7. Could you share your thoughts on how you see innovations in cyber security impact how organisations think of cyber security?

I see a huge appetite for security as a brand trust factor. Since GDPR Security has become a key evaluation KPI for procurement departments and a hot topic for the board. You can transform security operations cost into a premium marketing feature.

8. Any parting thoughts here you would like to share? It could be on anything like work-life balance and career goals.

I was lucky enough to change my diet radically years ago as I had a lot to lose (165-170 kg …ahem), eating well has kept me calm over the years and that +165 kg taught me about perceptions people often have. My main advice is to eat well, eat lots, eat intelligently, we all know what the rubbish is, feed your brain! be healthy, get enough sleep, and change your perspective often.

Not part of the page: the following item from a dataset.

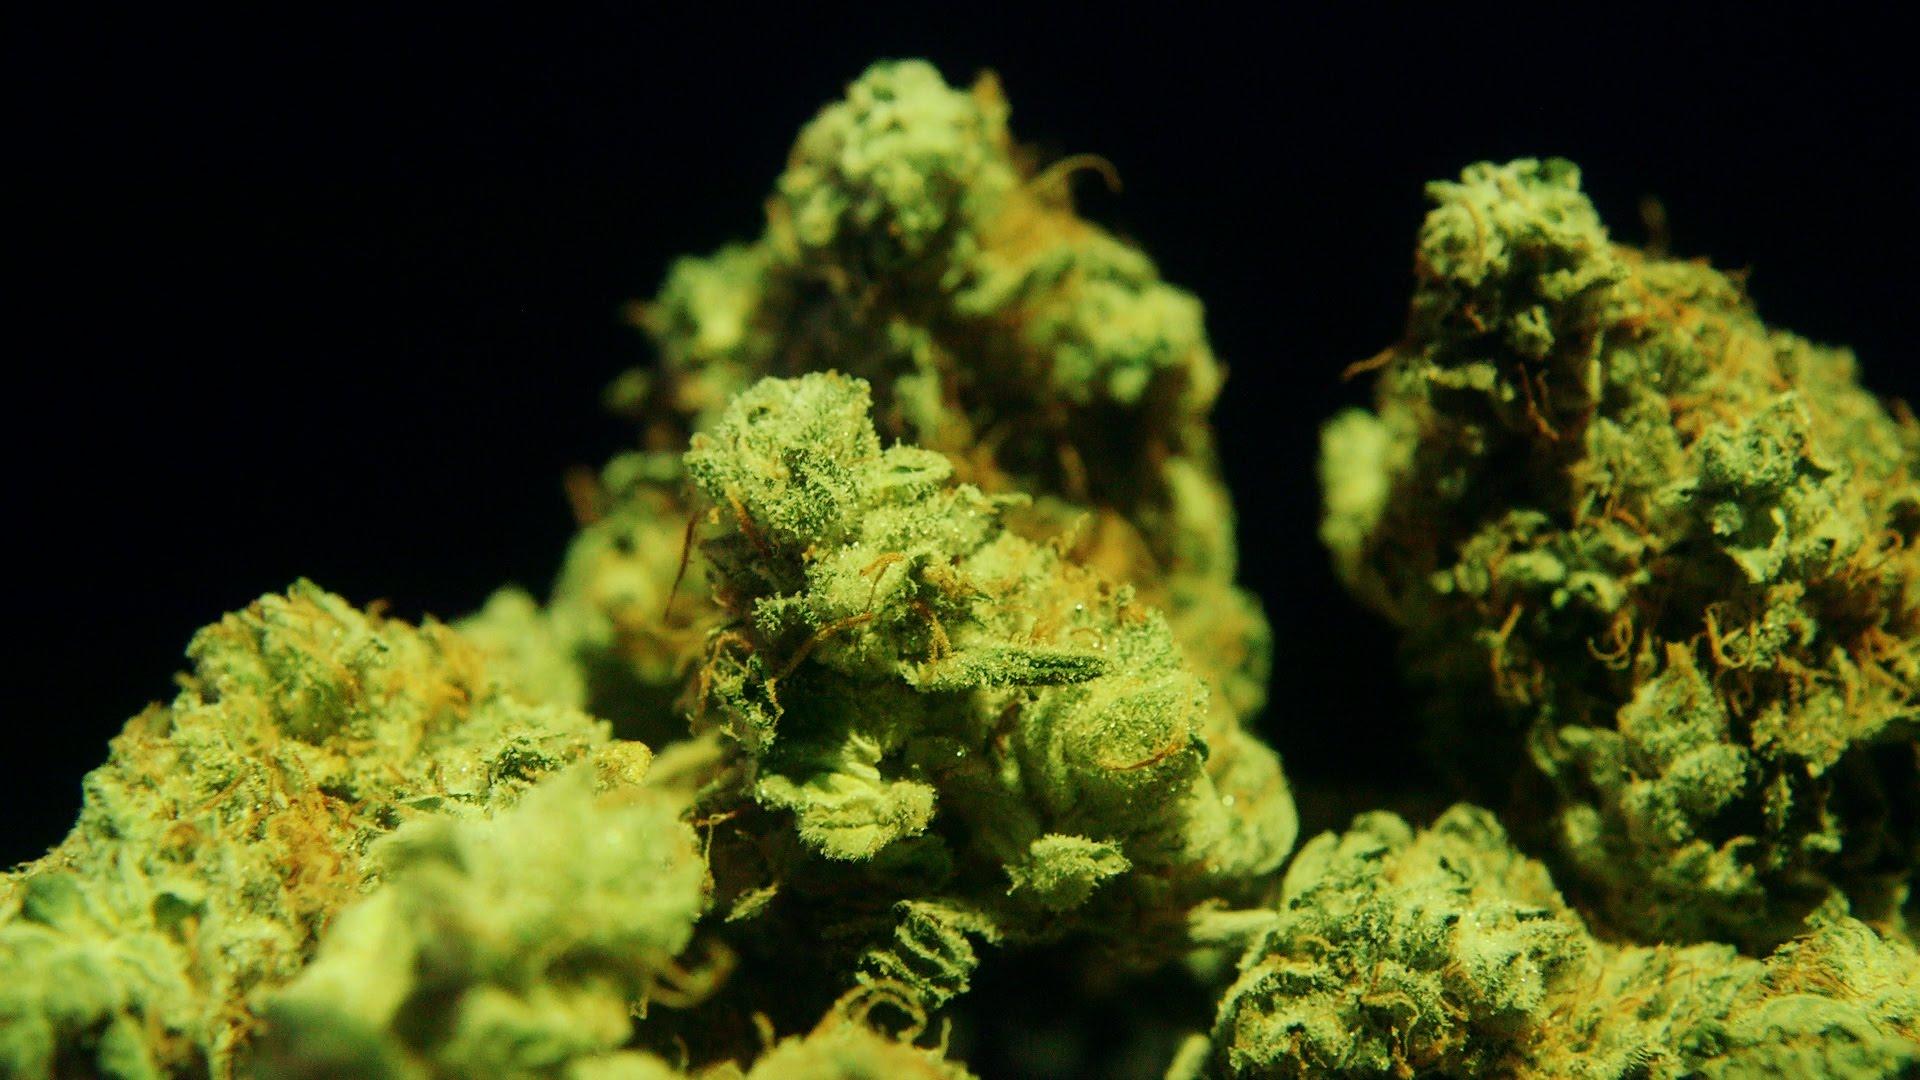 Cannabis Up Close #4: Gorilla Glue Number 4 (Hybrid) – Strain Review

9. How do you think we can attract more young people to cyber security?

Lower the barriers to entry and decomplexify the language. I like the idea of apprenticeships very much, especially for building up in-house blue and red teams. There is no one way into security, the best people have come from experience in diverse disciplines. I once met a CISO who boasted about only hiring people with an MSc in Security. He would never have hired me in that case! Accept that people have different journeys, with the right attitude you can teach anything.

10. What would be your one piece of advice to every young cyber security enthusiast?

Go for what you love, read lots, experiment!  If you like solving problems, it’s a FASCINATING career, you will never be bored. A lifetime of learning.